§ **TASK STATEMENT**: From the first line to the last, copy the listing exactly and omit the pictures.

STORED DATA section start

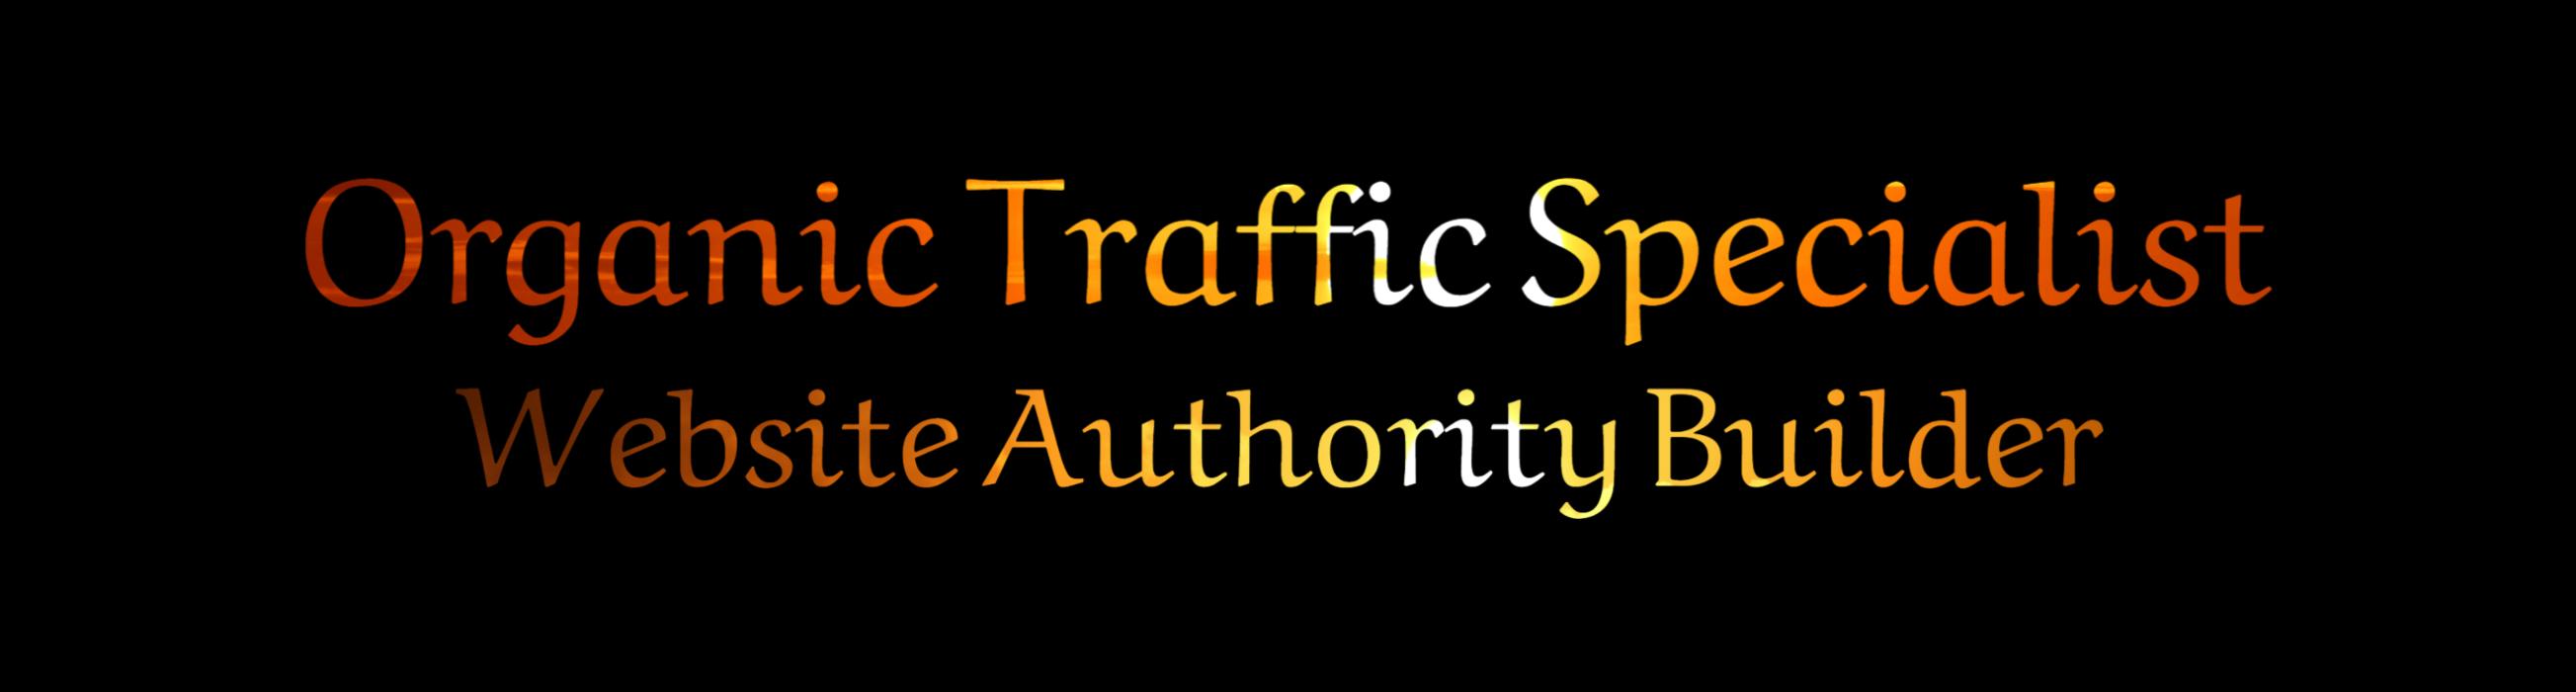 Organic Traffic Specialist and Website Authority Builder brodneil.com
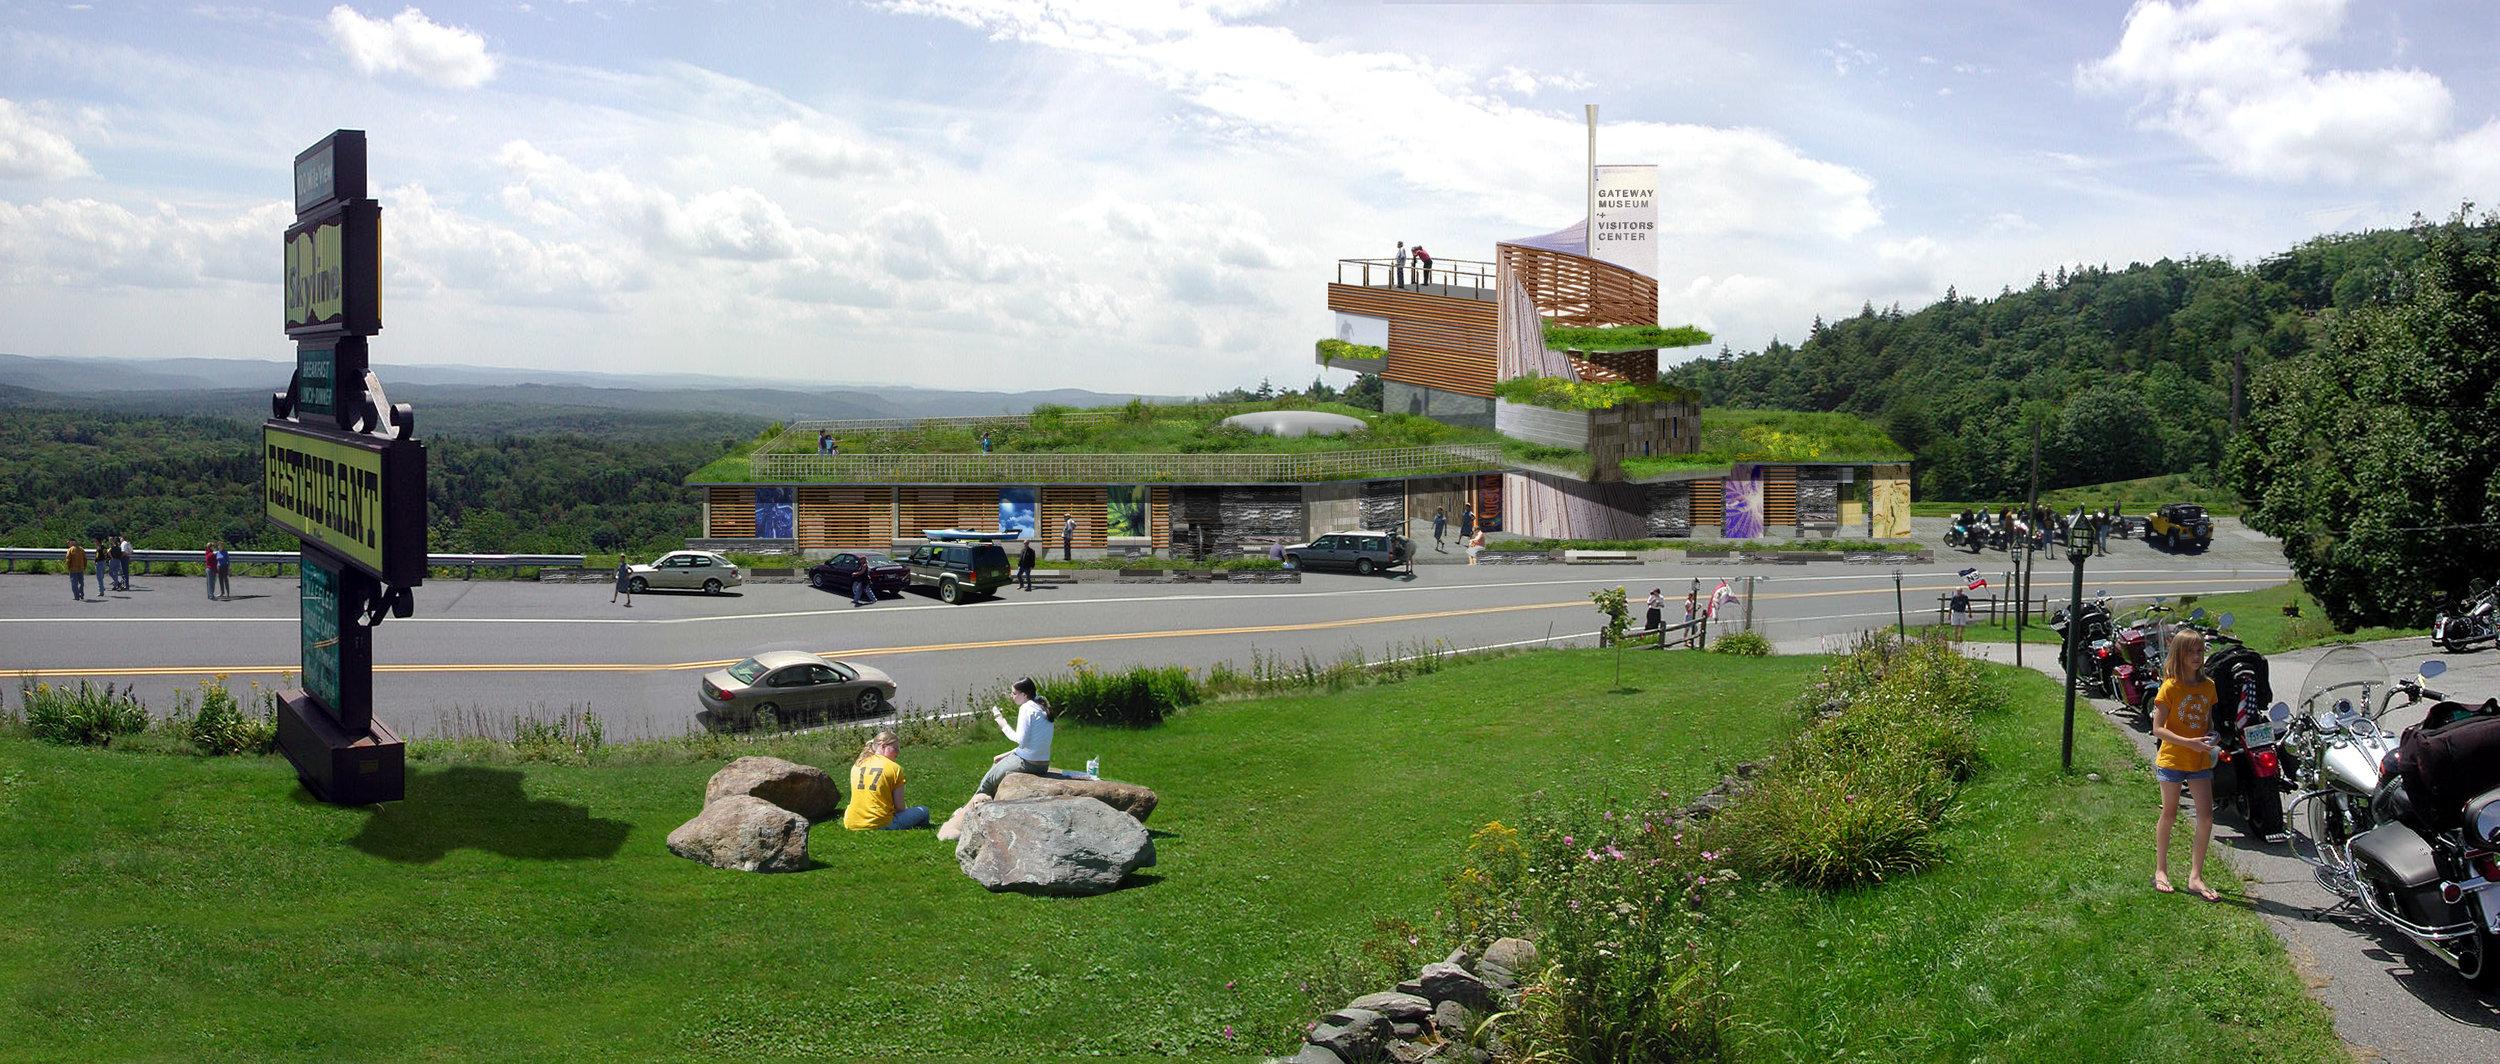 Panoramic2-7.jpg
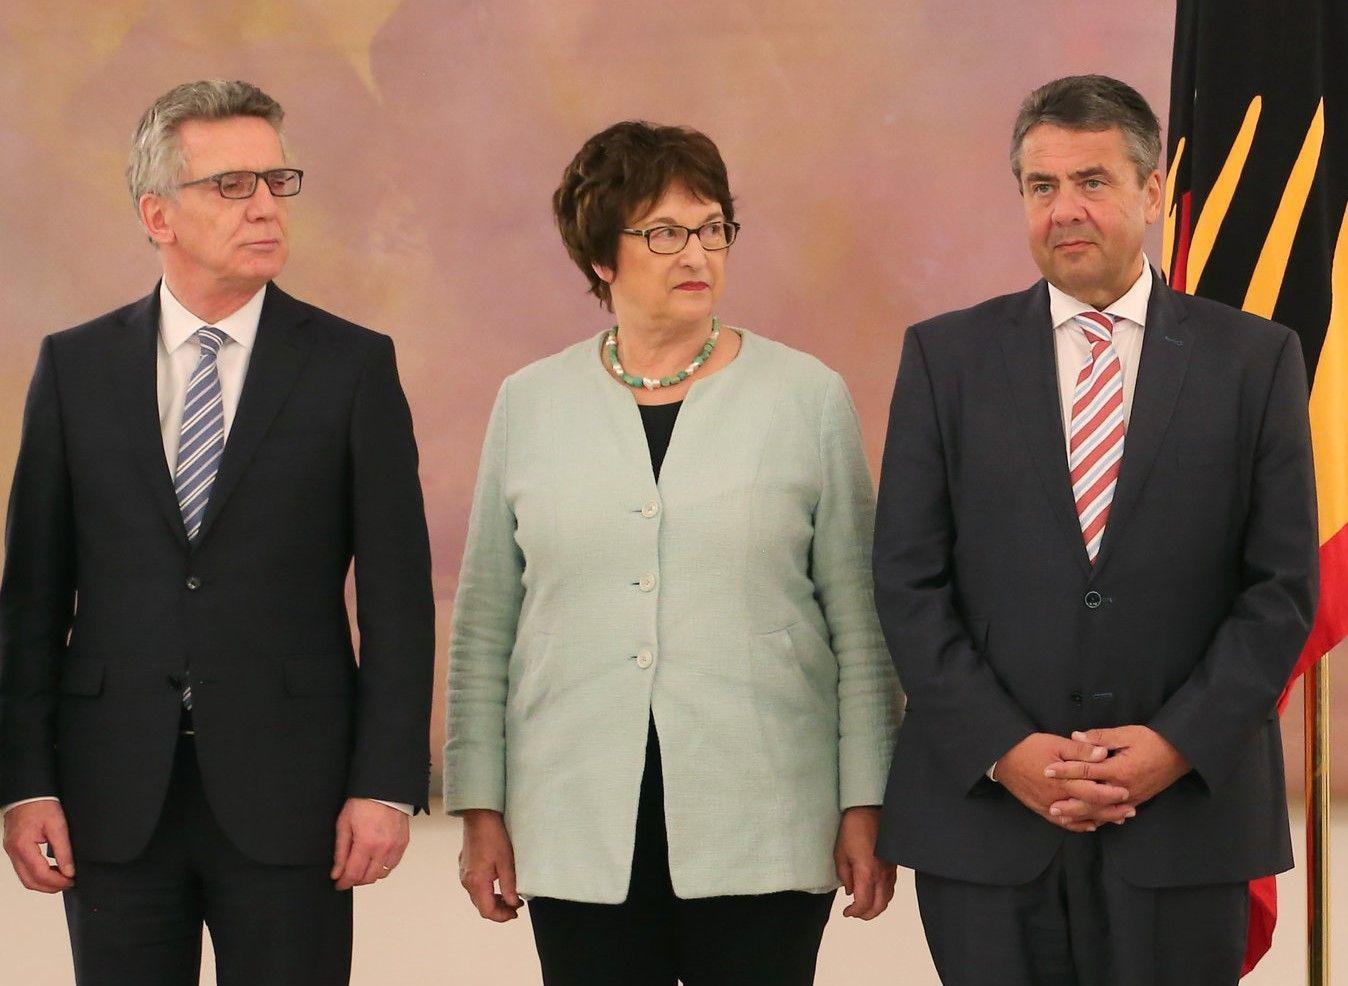 Thomas de Maiziere, Brigitte Zypries, Sigmar Gabriel

STORED DATA section end

§ **OUTPUT OF THE TASK**:
 Organic Traffic Specialist and Website Authority Builder brodneil.com
 Panoramic2-7.jpg
 Thomas de Maiziere, Brigitte Zypries, Sigmar Gabriel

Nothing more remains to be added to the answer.